The lines in the listing below are to be given again exactly, starting at the line holding "Bobyrug’s Nice early" and ending at the line holding "Ethiopia Harrar - Deep". Do not include pictures.

*** Study material ***

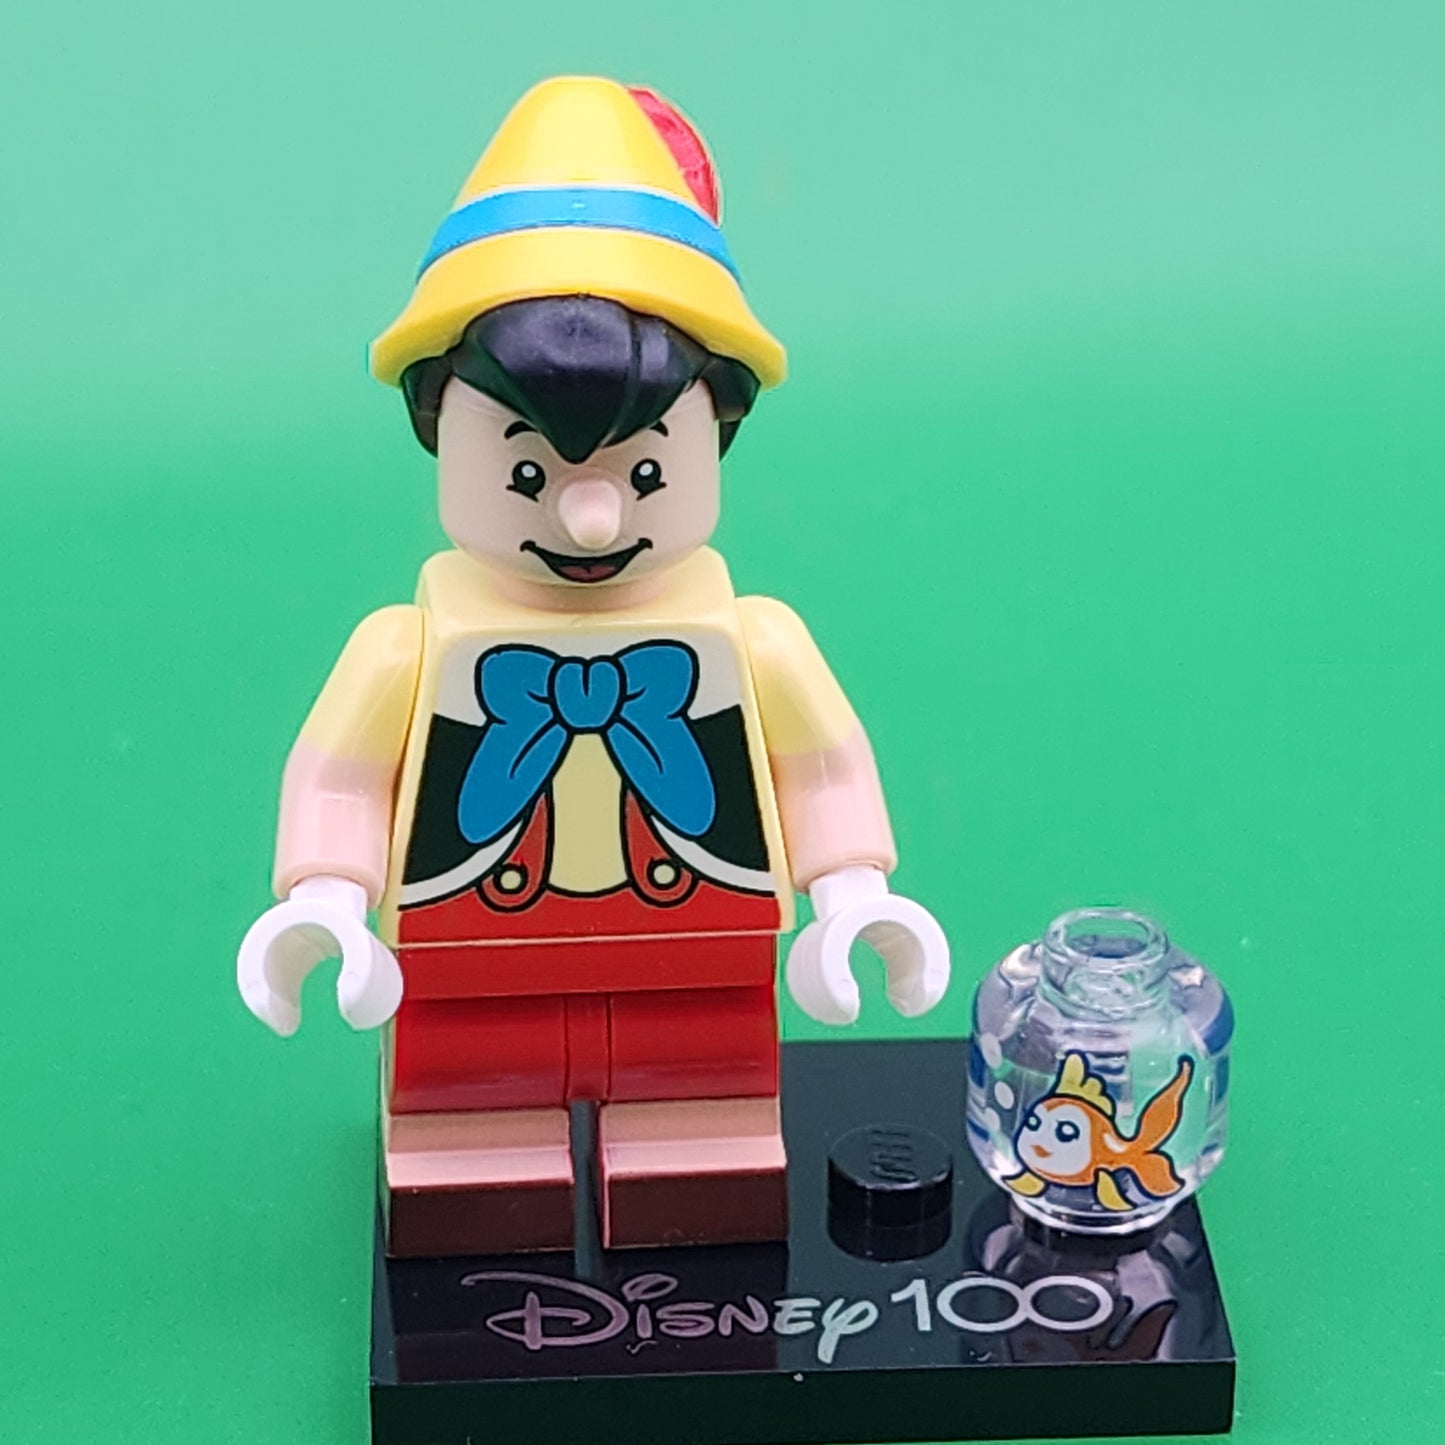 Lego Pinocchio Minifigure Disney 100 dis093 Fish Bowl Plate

*** End of Study material ***
*** Study material ***

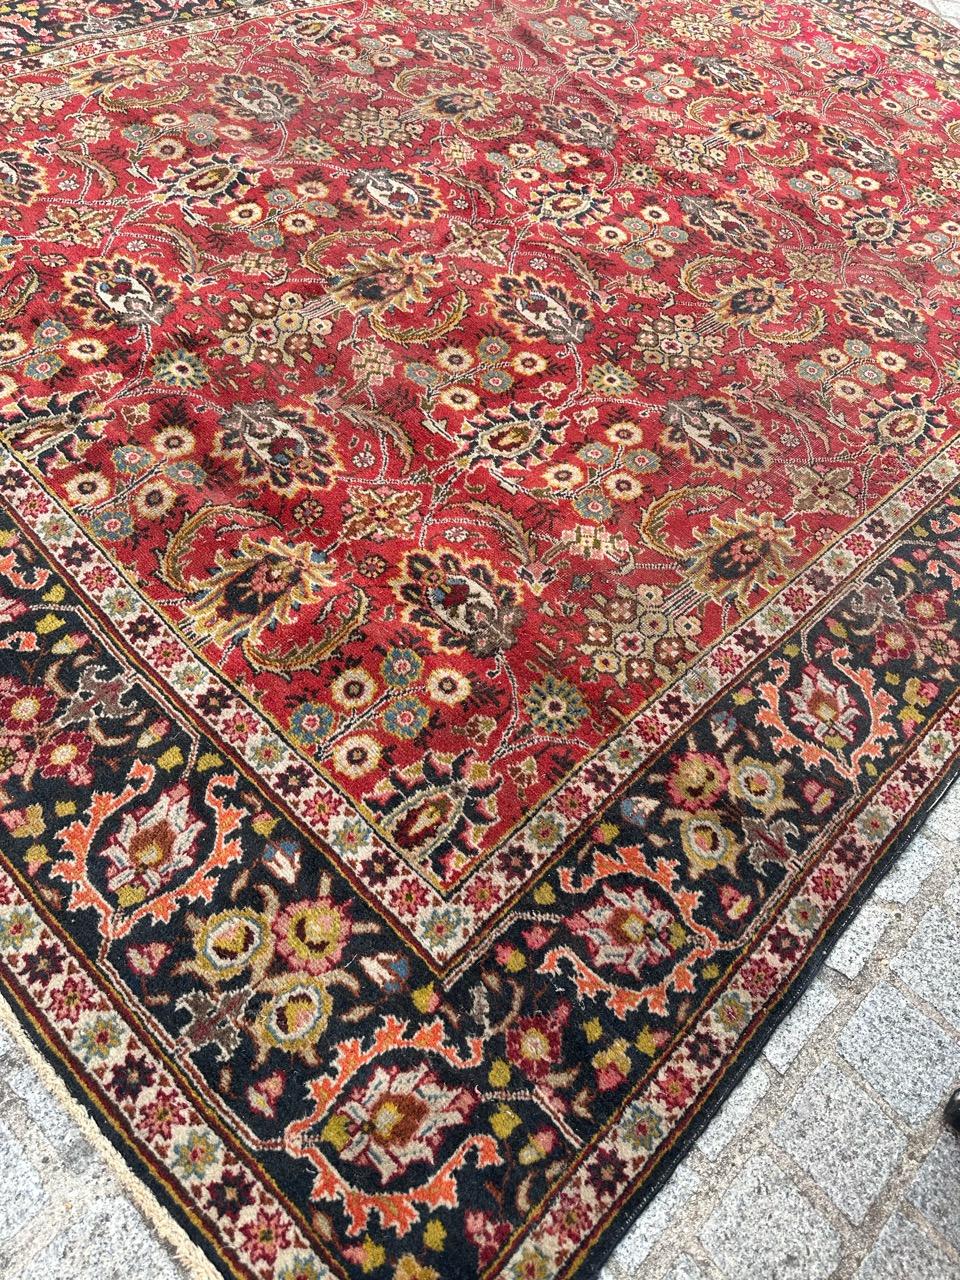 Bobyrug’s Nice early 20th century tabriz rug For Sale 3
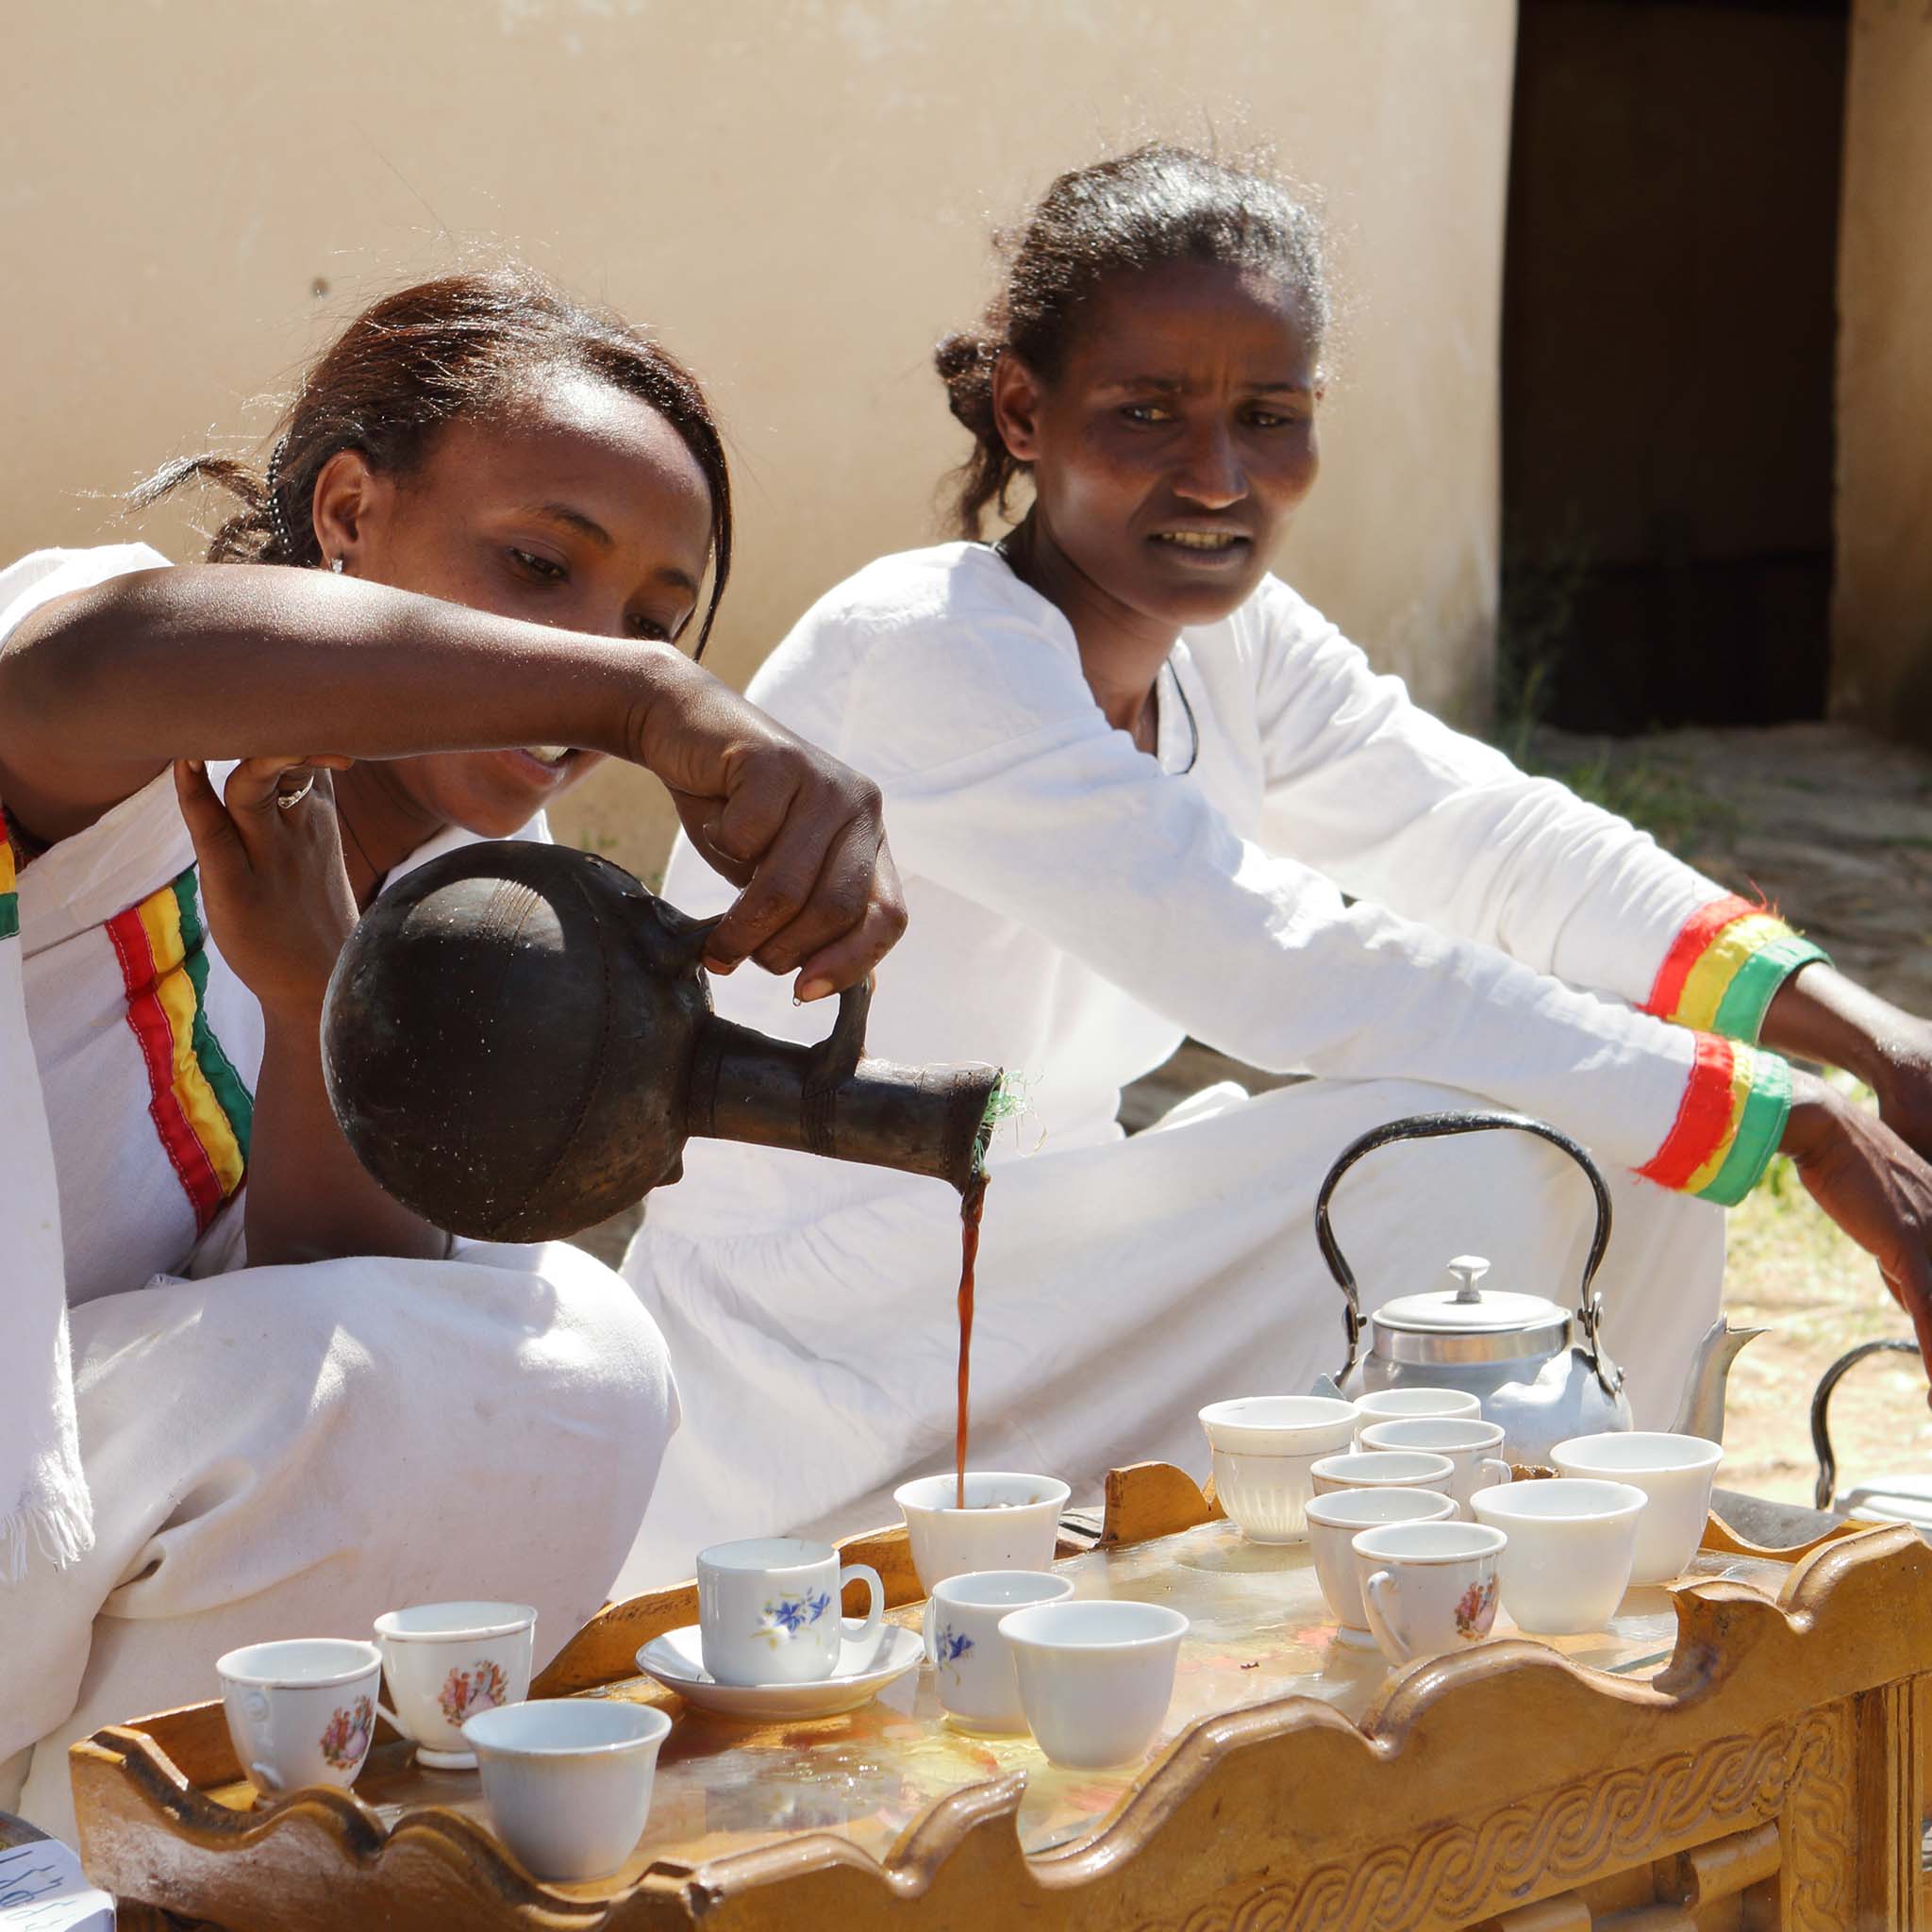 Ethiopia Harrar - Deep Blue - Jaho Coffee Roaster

*** End of Study material ***

| Exercise response |
 Bobyrug’s Nice early 20th century tabriz rug For Sale 3
 Ethiopia Harrar - Deep Blue - Jaho Coffee Roaster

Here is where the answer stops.